It seems more a matter of wording than anything in the CPU " An assembler would ...

creshal · on Oct 23, 2015

> But 0x90 also means nop

As… the article even explained further down, sometimes. That's where the whole discussion comes from.

• In 32 bit mode, it doesn't matter. Some (dumb) CPUs treated it as xchg ax,ax; pipelined CPUs optimized it away.

• In 64 bit mode, it matters: Is "xchg eax, eax" a valid way to clear the upper 32 bits of eax? Or will it always be optimized away as legacy NOP?

AMD decided for the latter. They could also have introduced a new opcode for it instead (there are already multiple nop instructions, like nopl/nopw, so it wouldn't have been too far off) – as this only affects 64 bit mode, backwards compatibility didn't really matter, both would have been possible.

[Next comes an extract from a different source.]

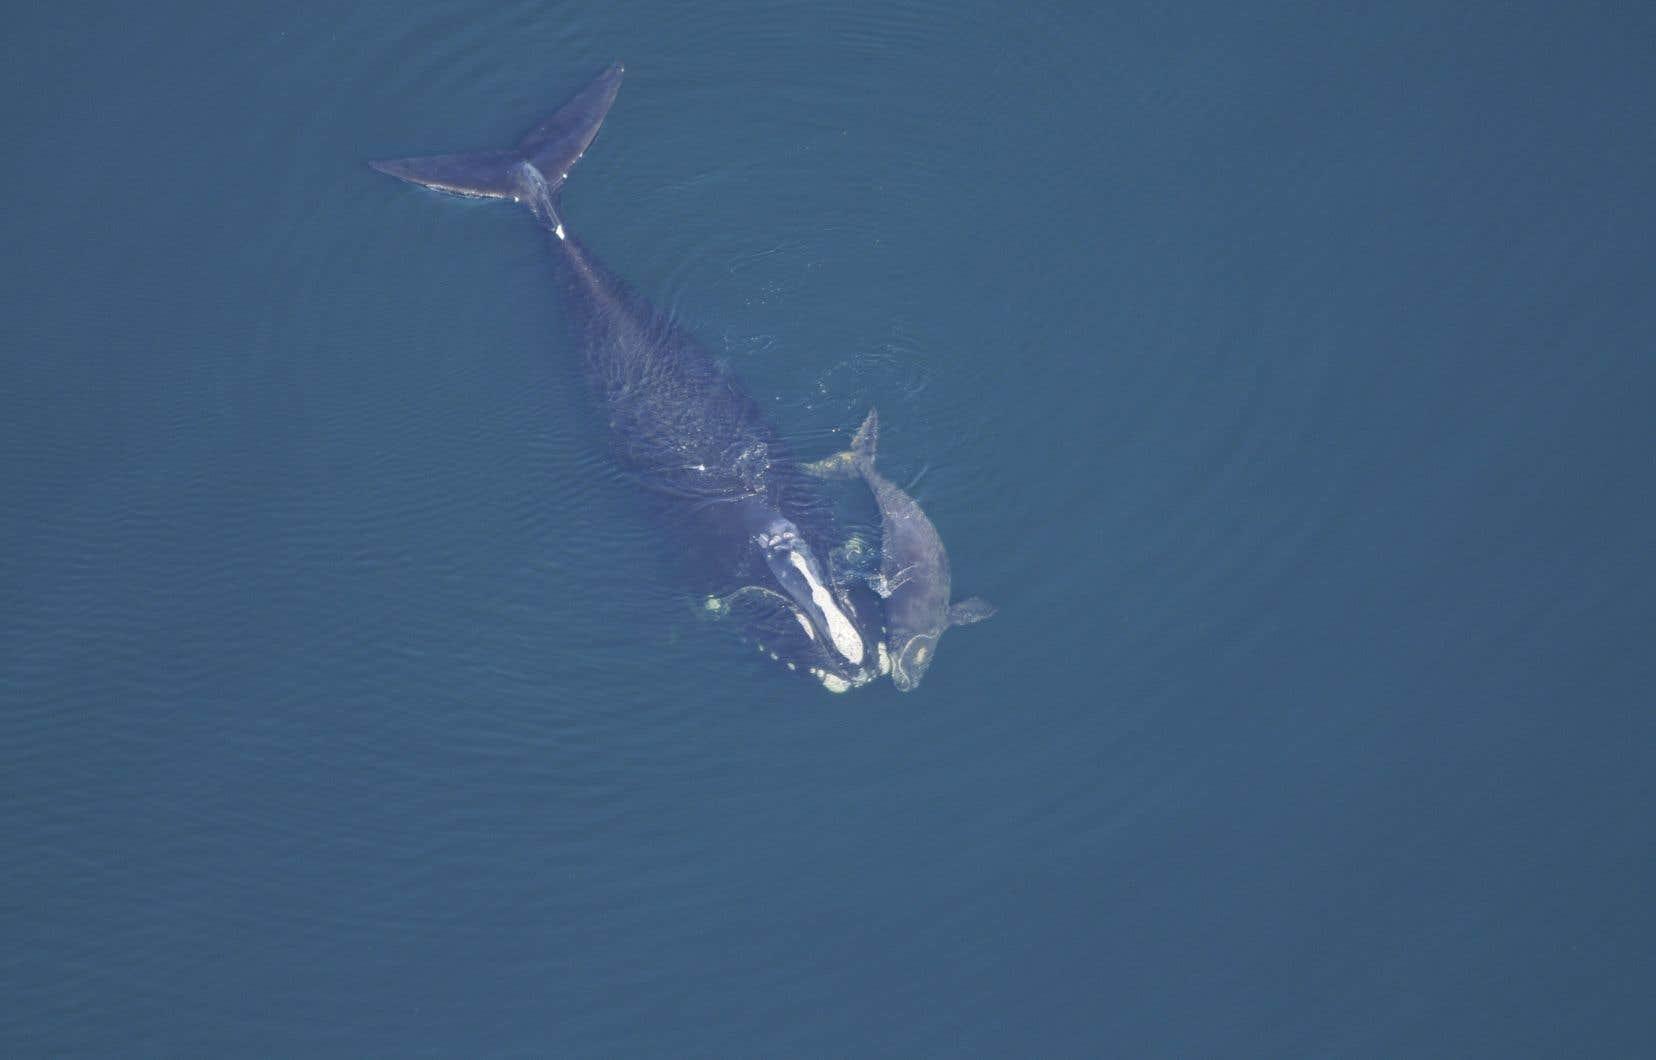 La population de baleines noires a subi un déclin accéléré depuis 2017, notamment après des mortalités records dans le Saint-Laurent.
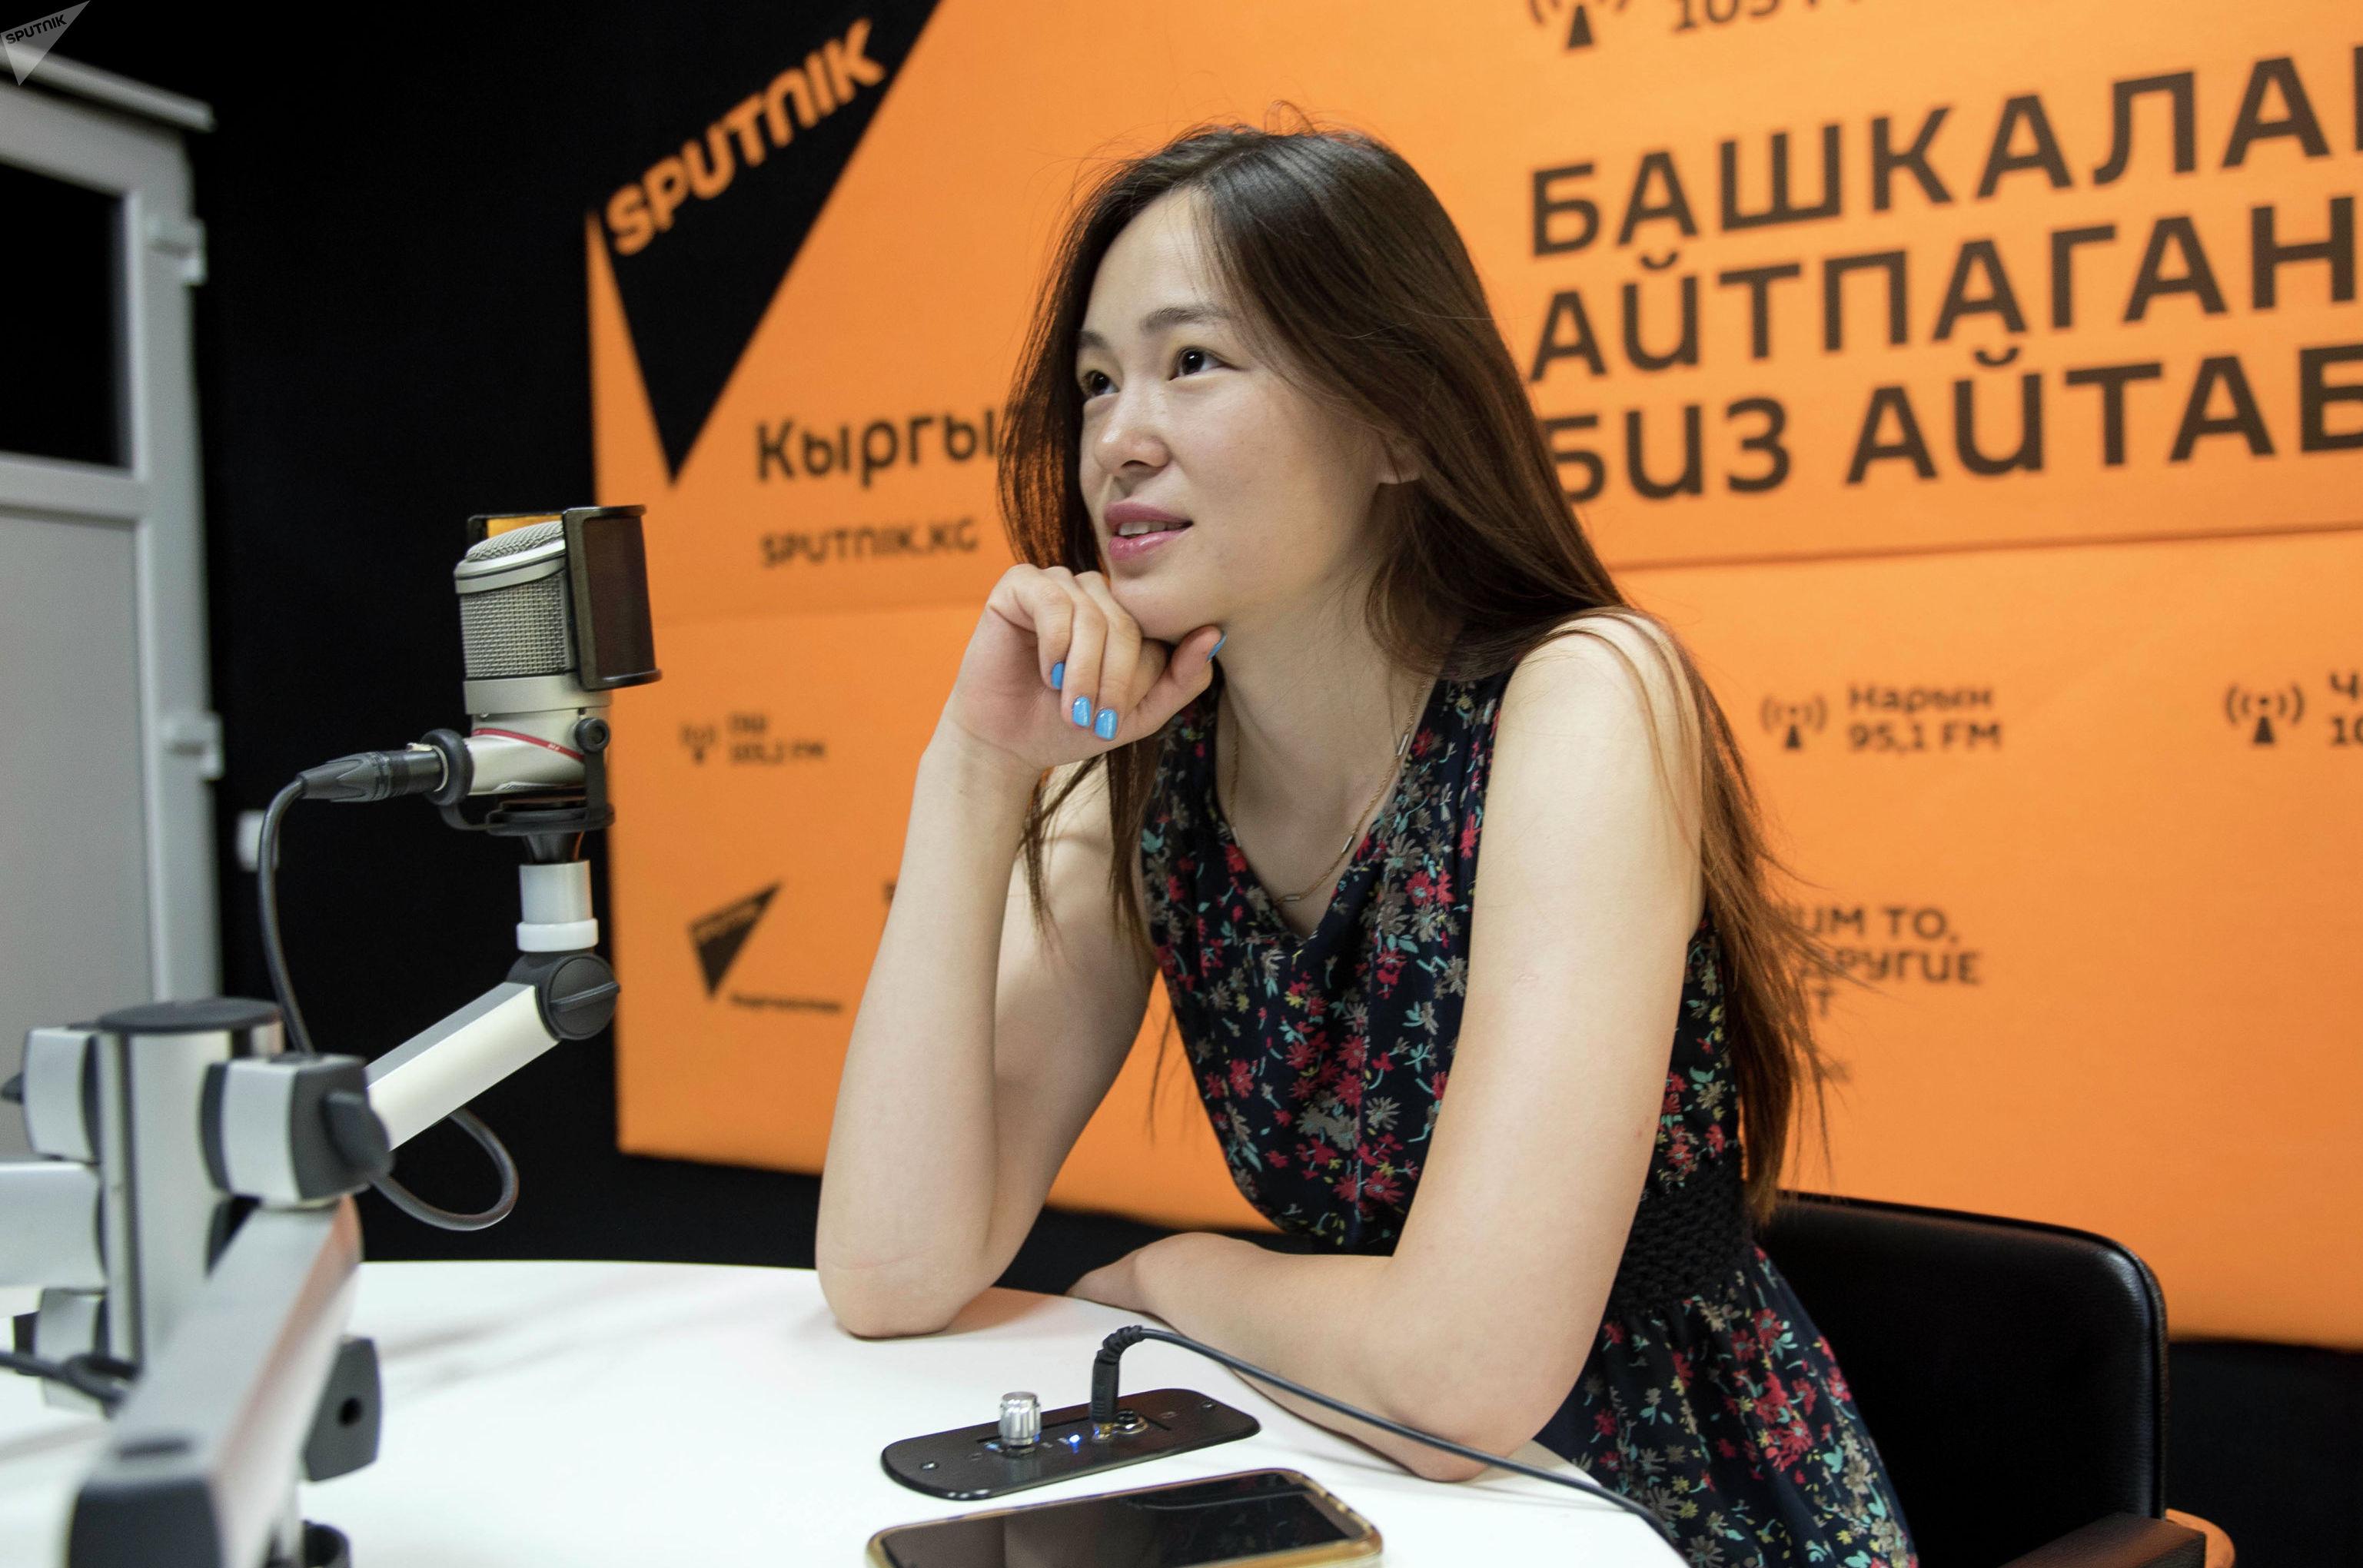 Основатель клуба программирования Neobis, где обучаются студенты IT-сферы Санира Маджикова во время беседы на радио Sputnik Кыргызстан

Asbostos · on Oct 23, 2015

Opcode 0x90 only means xchg eax,eax on paper. If no documentation ever called it that then it would be a non-issue. It would always have been nop and still be nop. Somebody could also have called it xchg ebx,ebx as well and it would have been just the same in 32-bit mode.

creshal · on Oct 23, 2015

> If no documentation ever called it that then it would be a non-issue.

XCHG EAX,target is defined as opcode (0x90 + offset of target register), with EAX having offset 0.

So, it was xchg eax,eax originally, and documented as such, before it was turned into NOP because it happened to be safe for it.

It's still documented as "alias for the XCHG (E)AX, (E)AX instruction" in Intel's instruction set reference, and pre-486 embedded x86s still treat it as xchg.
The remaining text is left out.